Information shown START
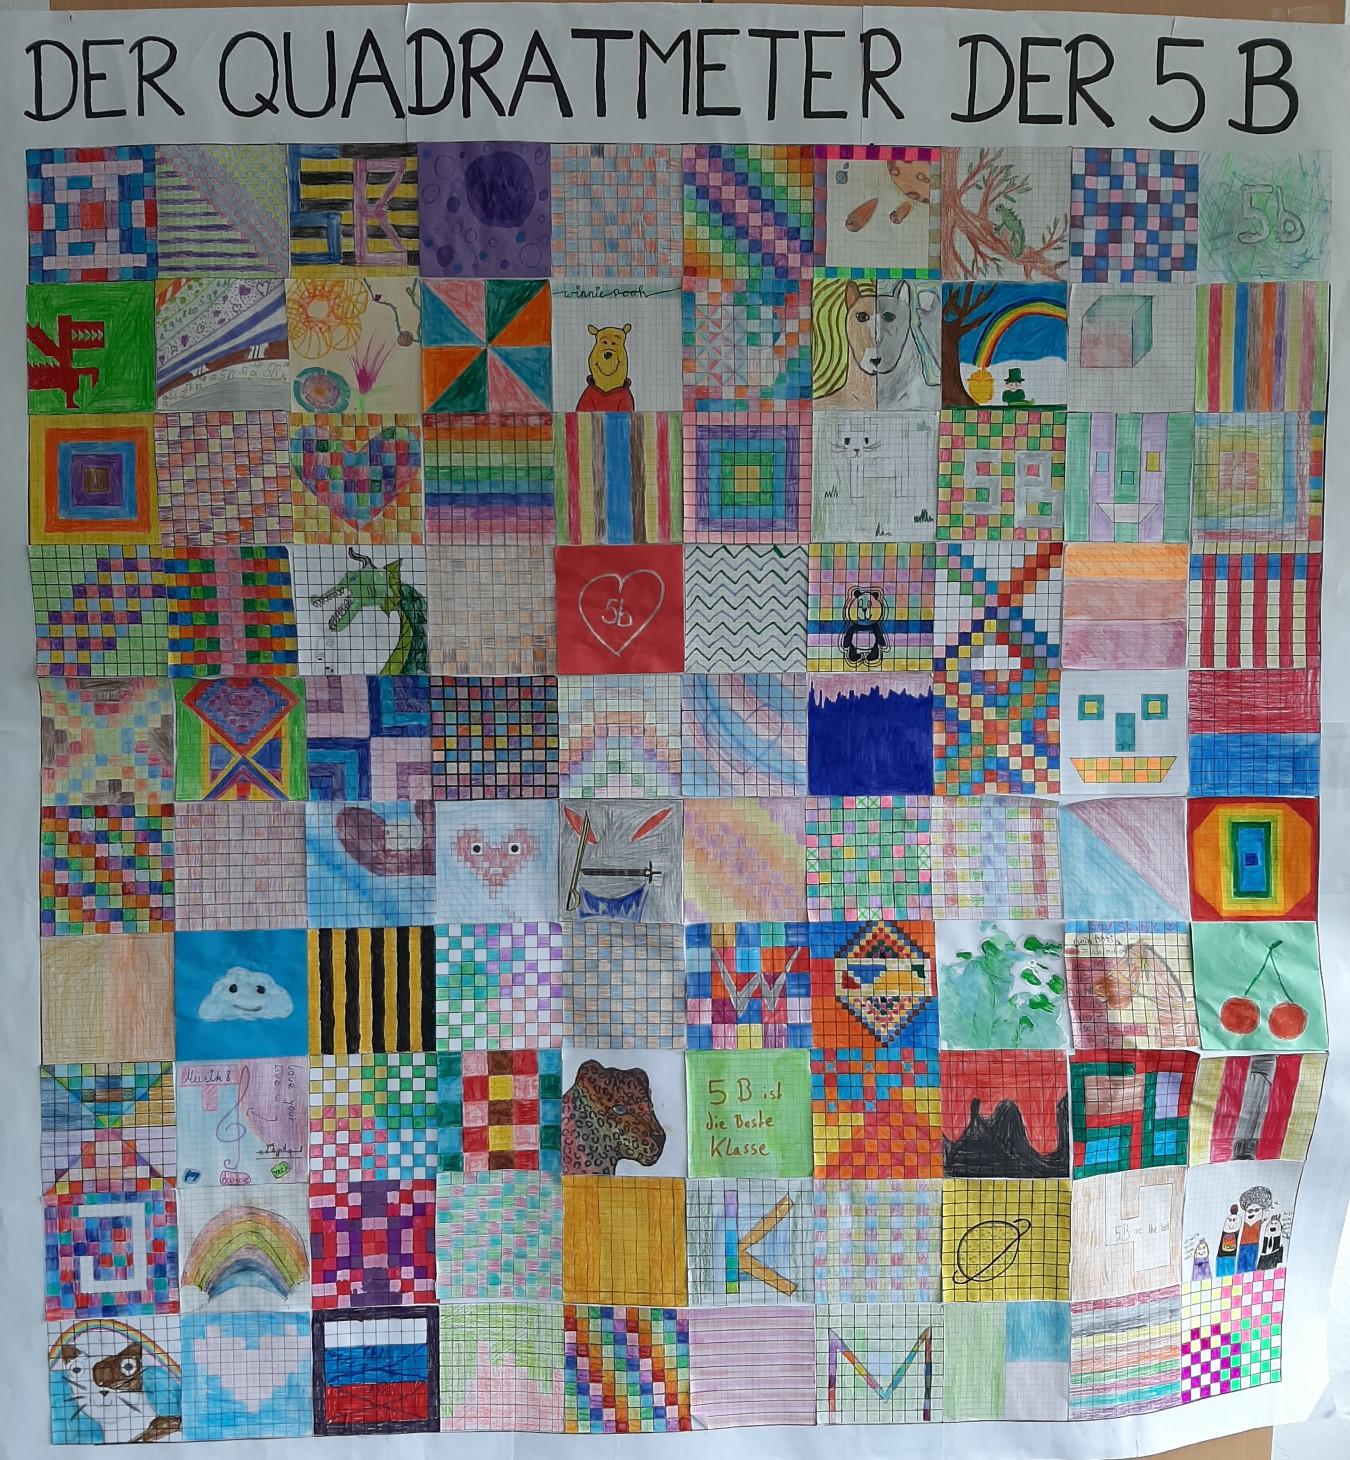 Quadratmeter5b
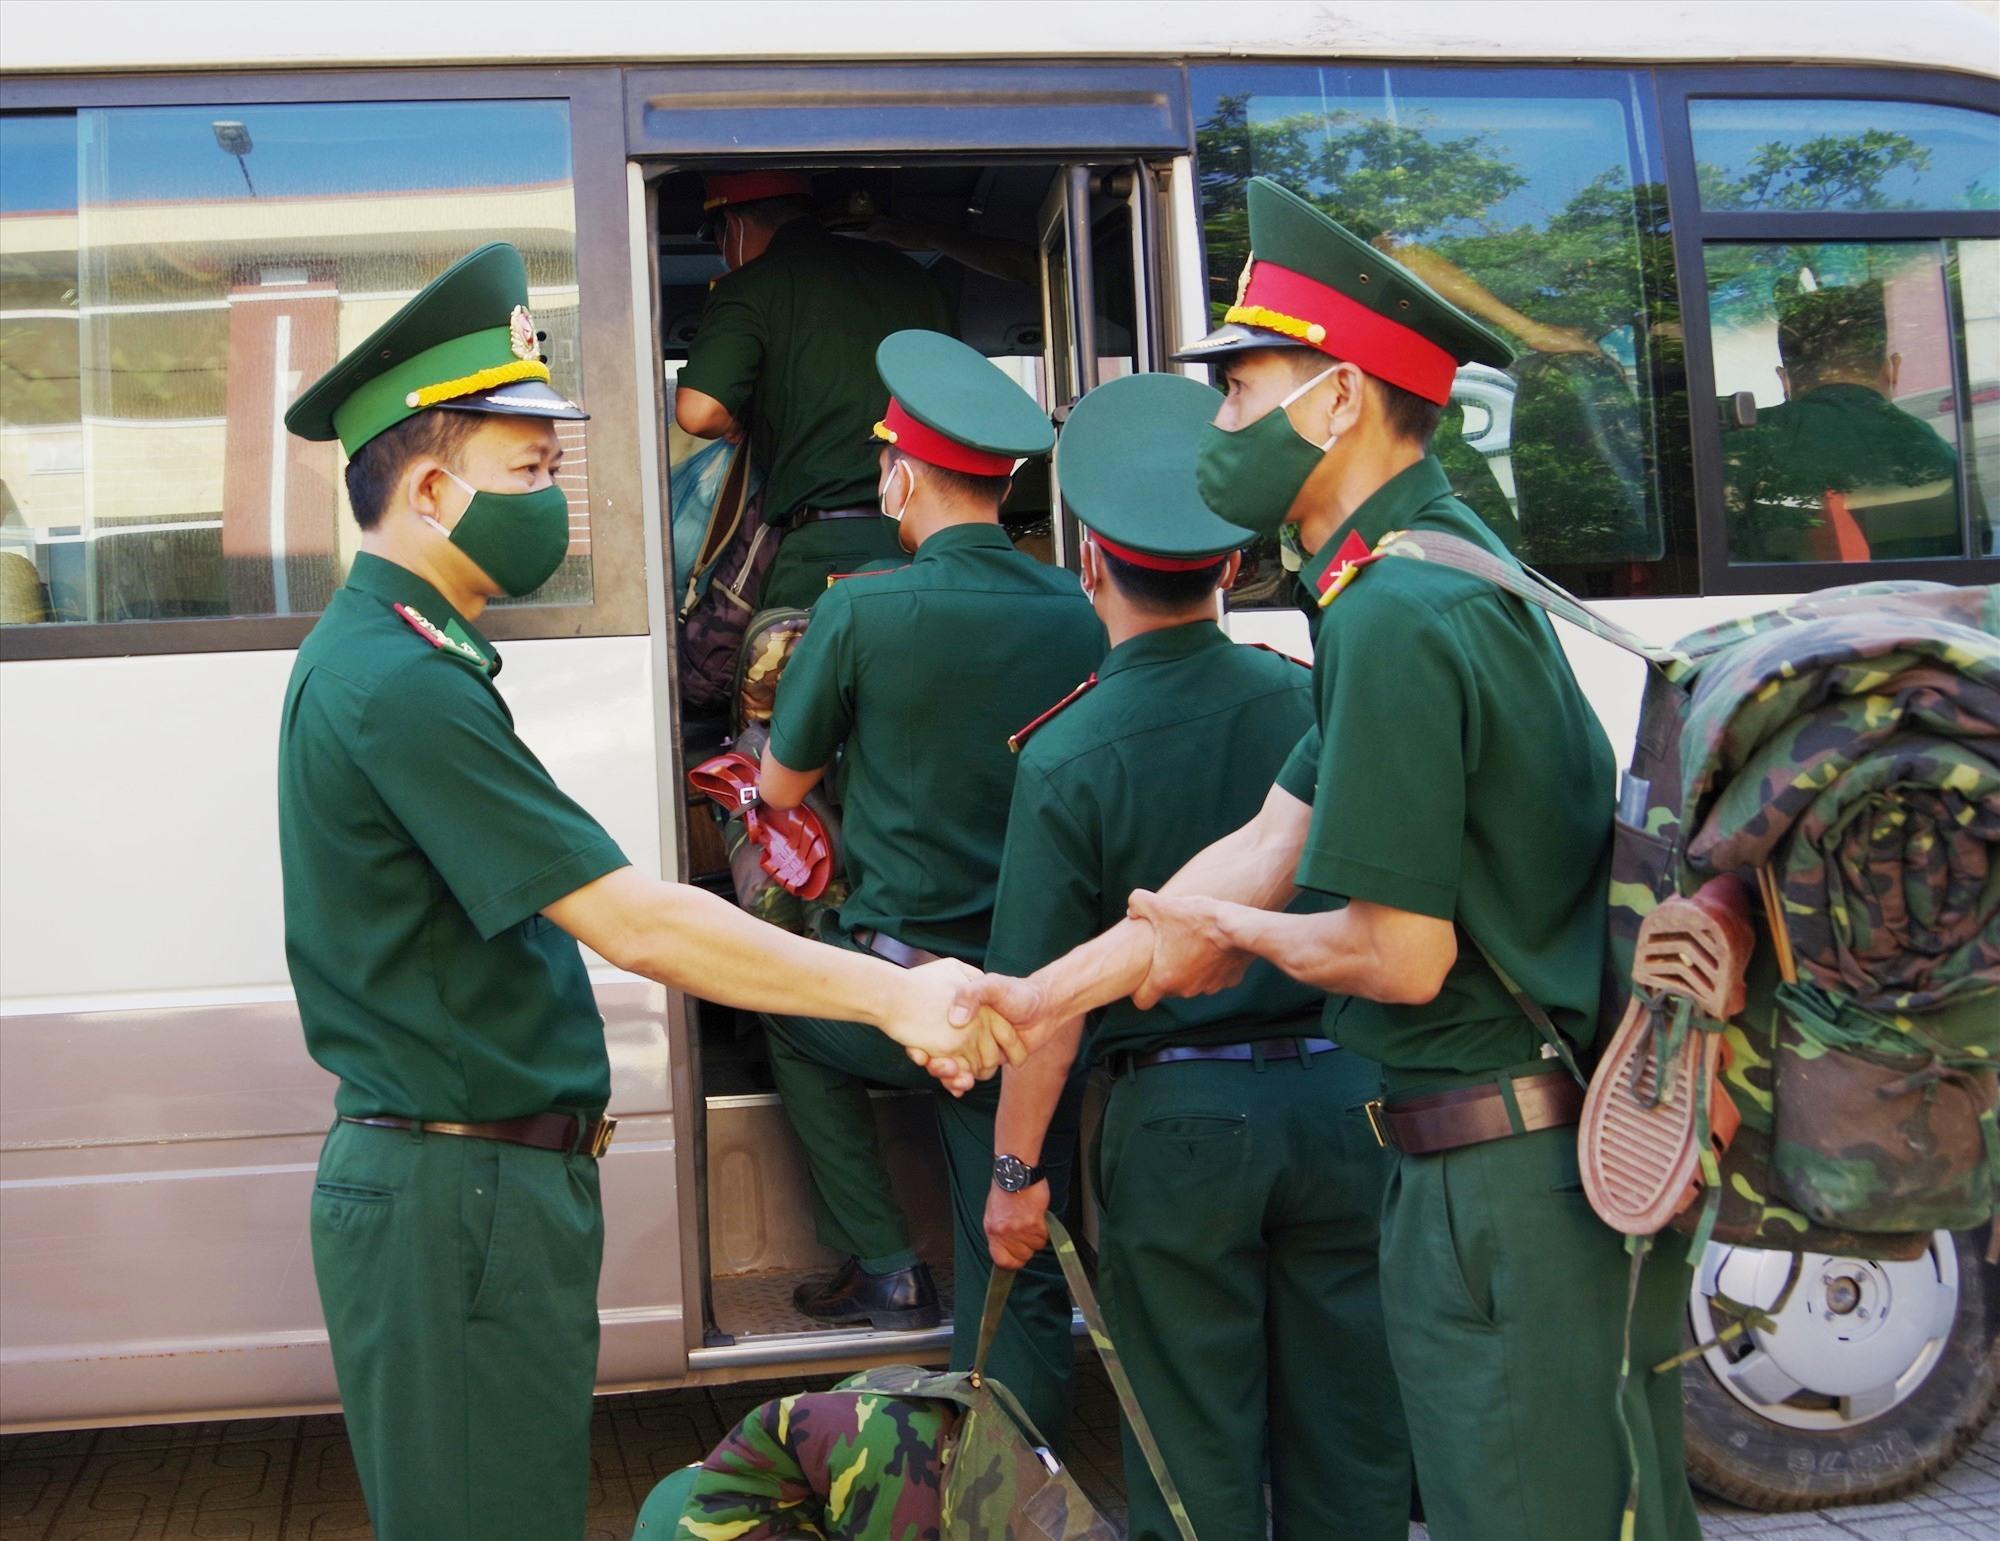 Đại tá Trần Tiến Hiền - Phó chỉ huy trưởng BĐBP tỉnh tiễn đưa lực lượng làm nhiệm vụ lên xe,. Ảnh: HỒNG ANH
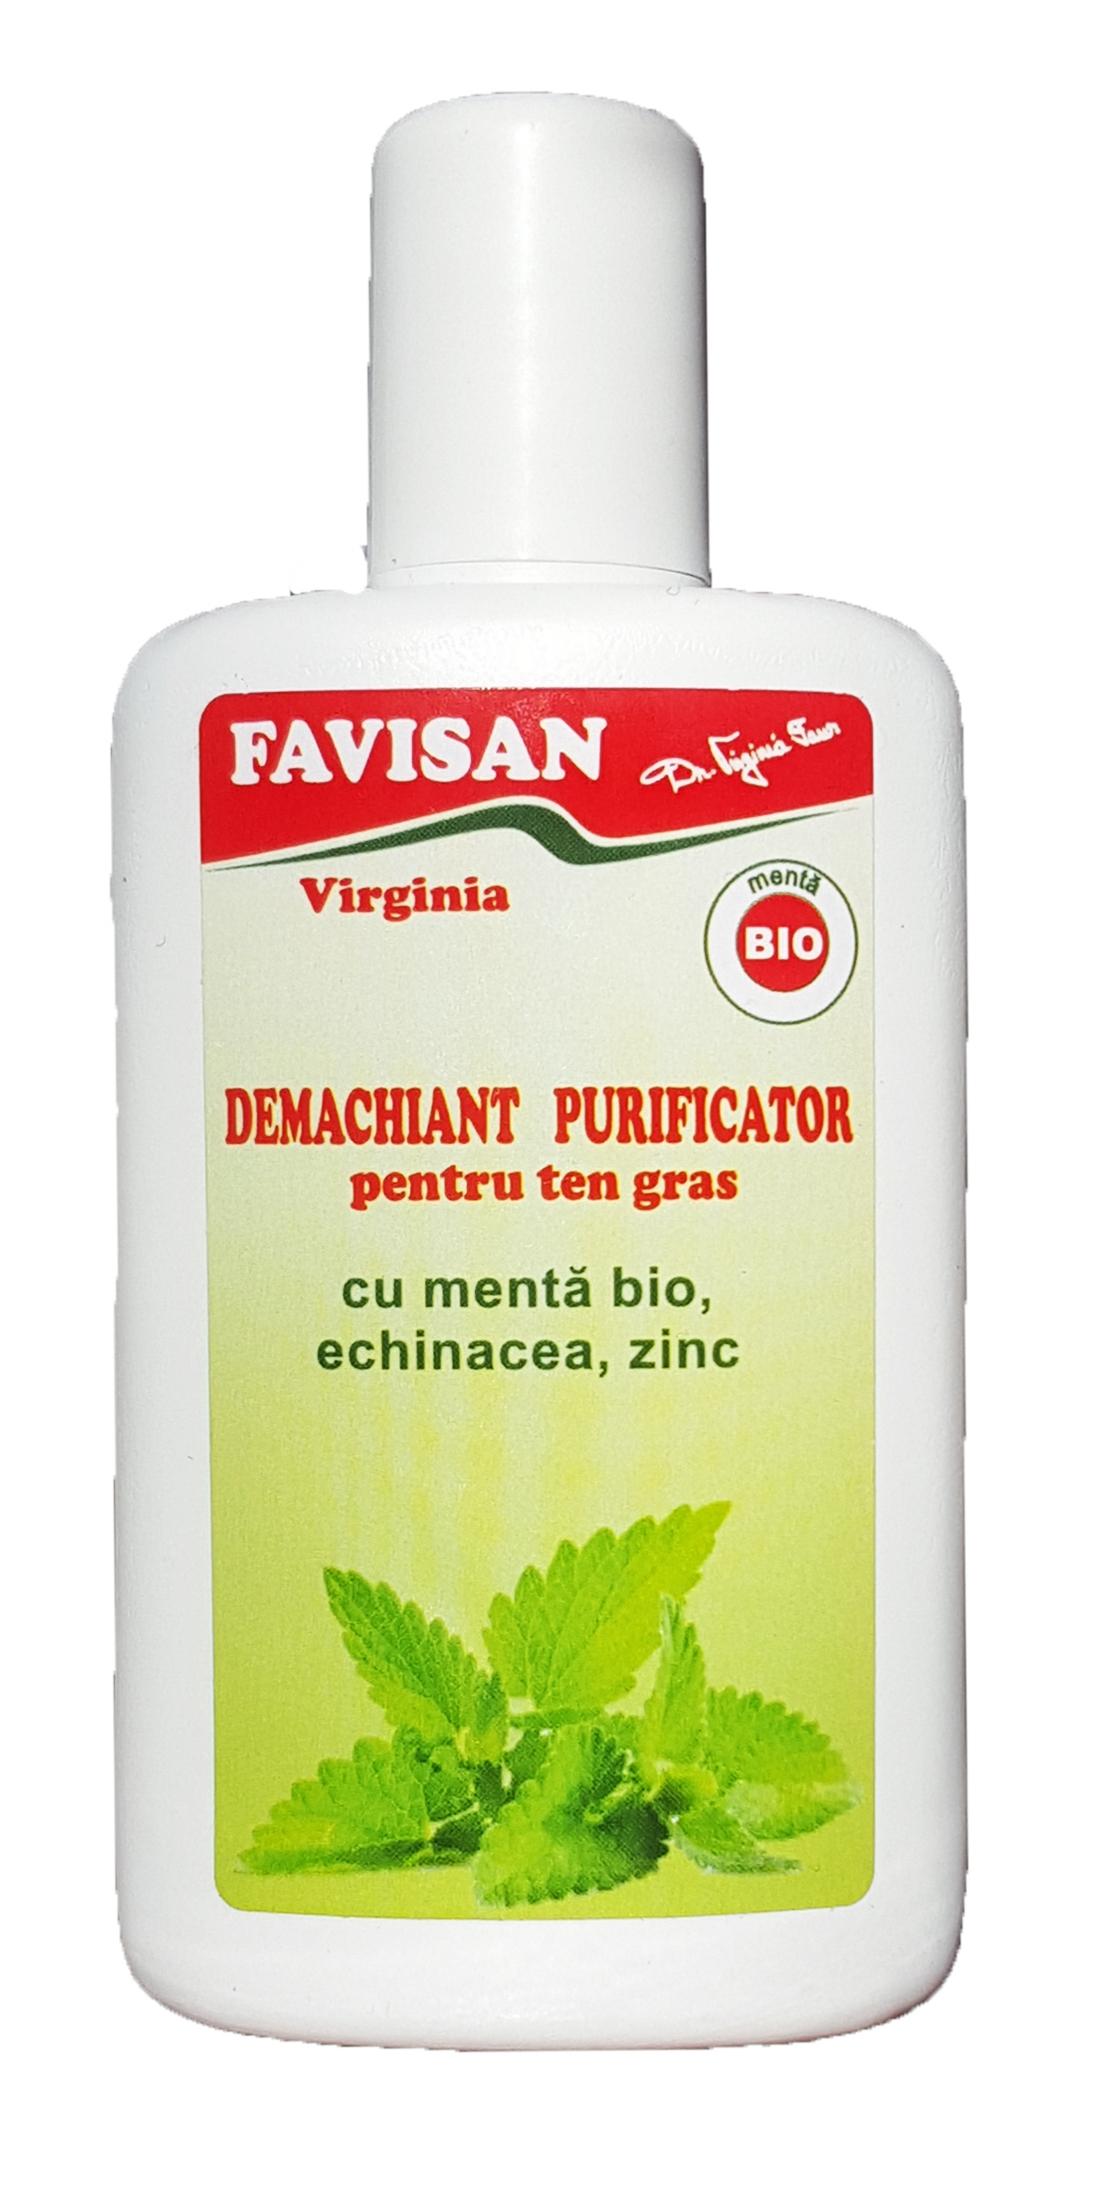 Demachiant purificator
Information shown END
▶ _What the exercise asks_:
Write out the material above without changing a word, and skip any picture.

▶ _Response to the task_:
 Quadratmeter5b
 Đại tá Trần Tiến Hiền - Phó chỉ huy trưởng BĐBP tỉnh tiễn đưa lực lượng làm nhiệm vụ lên xe,. Ảnh: HỒNG ANH
 Demachiant purificator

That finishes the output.